June 5, 2011 at 5:22 pm
In Cukor’s THE WOMEN (39) Lucille Watson blithely refers to the luxury of spreading out “like a swastika” in a large bed.
June 5, 2011 at 6:10 pm
Was there ever a musical made in Hitler-era Germany with a Busby Berkeley-like number where chorus girls form a swastika? It seems like a missed opportunity for Goebbels if there wasn’t.
Neilan’s later silent work seems pretty hard to find, but when I see companies like Paramount, FBO, and state’s rights films I can guess why.
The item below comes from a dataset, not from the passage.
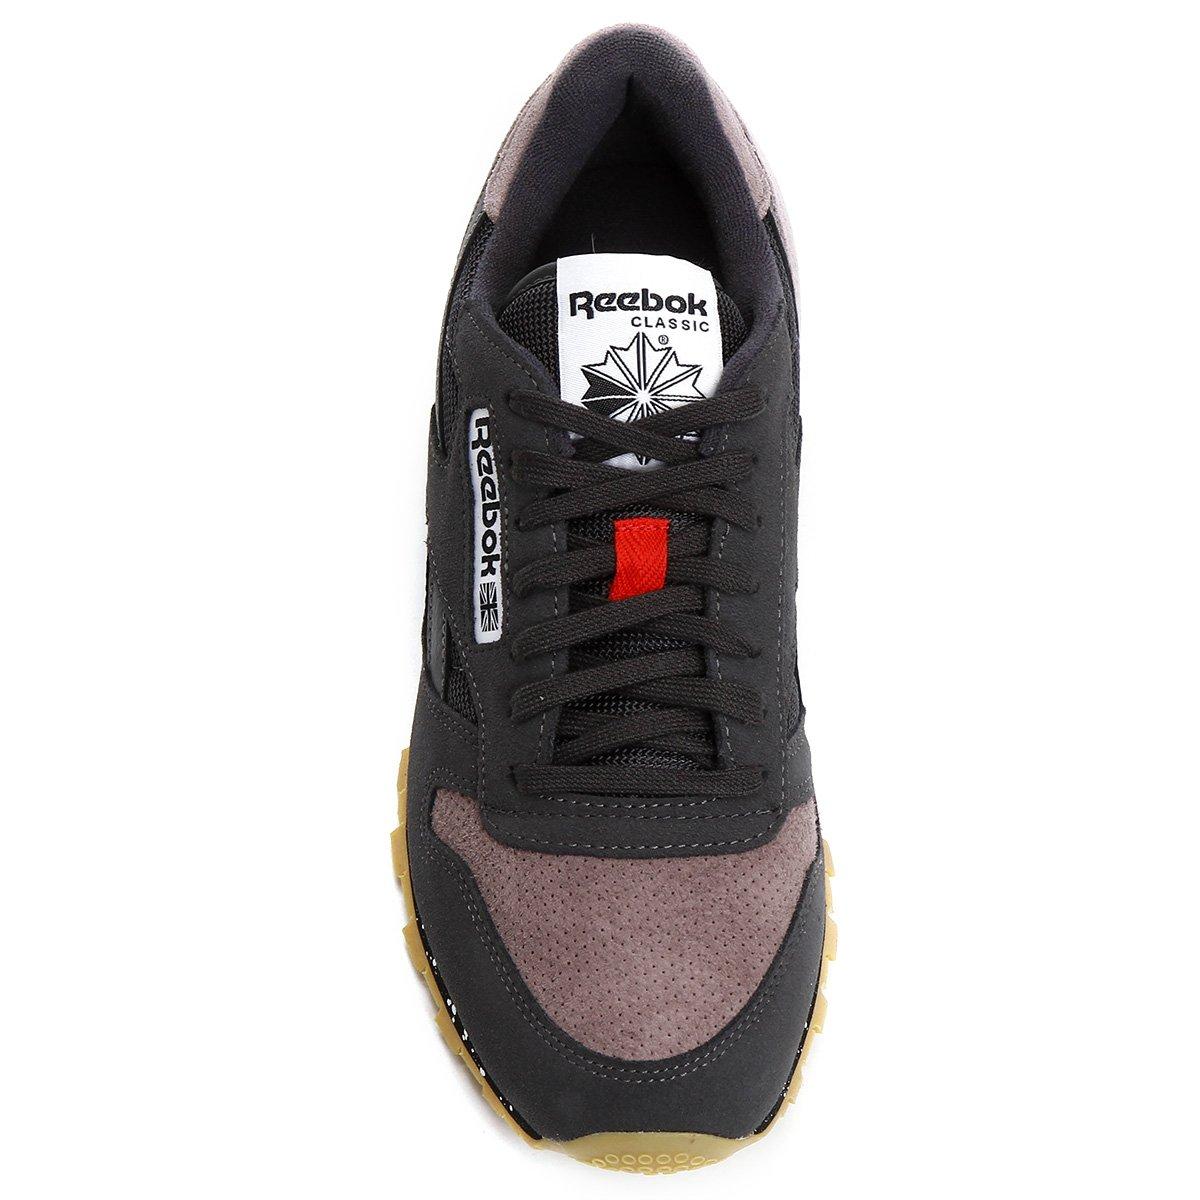 Tênis Reebok Classic Leather Sm - Compre Agora  d7e0b07db99aa

He sorta ended up the same way as Cruze, I think both were known drinkers.
June 5, 2011 at 6:13 pm
Yes, I believe Neilan drank himself into an early grave.
There IS a Nazi-era musical in which the chorus girls are played by SS officers because the leading lady was so tall that ordinary chorines wouldn’t do. I believe it’s called, amusingly, Die Grosse Liebe.
But they generally kept politics out of their entertainments, apart from Jew Suss. Goebbels took the view, like Richard Schickel, that movies should be shallow entertainments. That’s why he supposedly didn’t get on with Leni Riefenstahl.
June 5, 2011 at 7:20 pm
Nazi-era musical revues? Here’s Gustaf Grundgens and his creepy Aryan teeth, performing “The Night is not Just For Sleeping — It’s also for Torchlight Parades!”
Quite bumptious.
June 5, 2011 at 9:32 pm
Gigi, as we call him around this house, sports the most amazing leather garment in Fritz Lang’s M. Mephisto indeed!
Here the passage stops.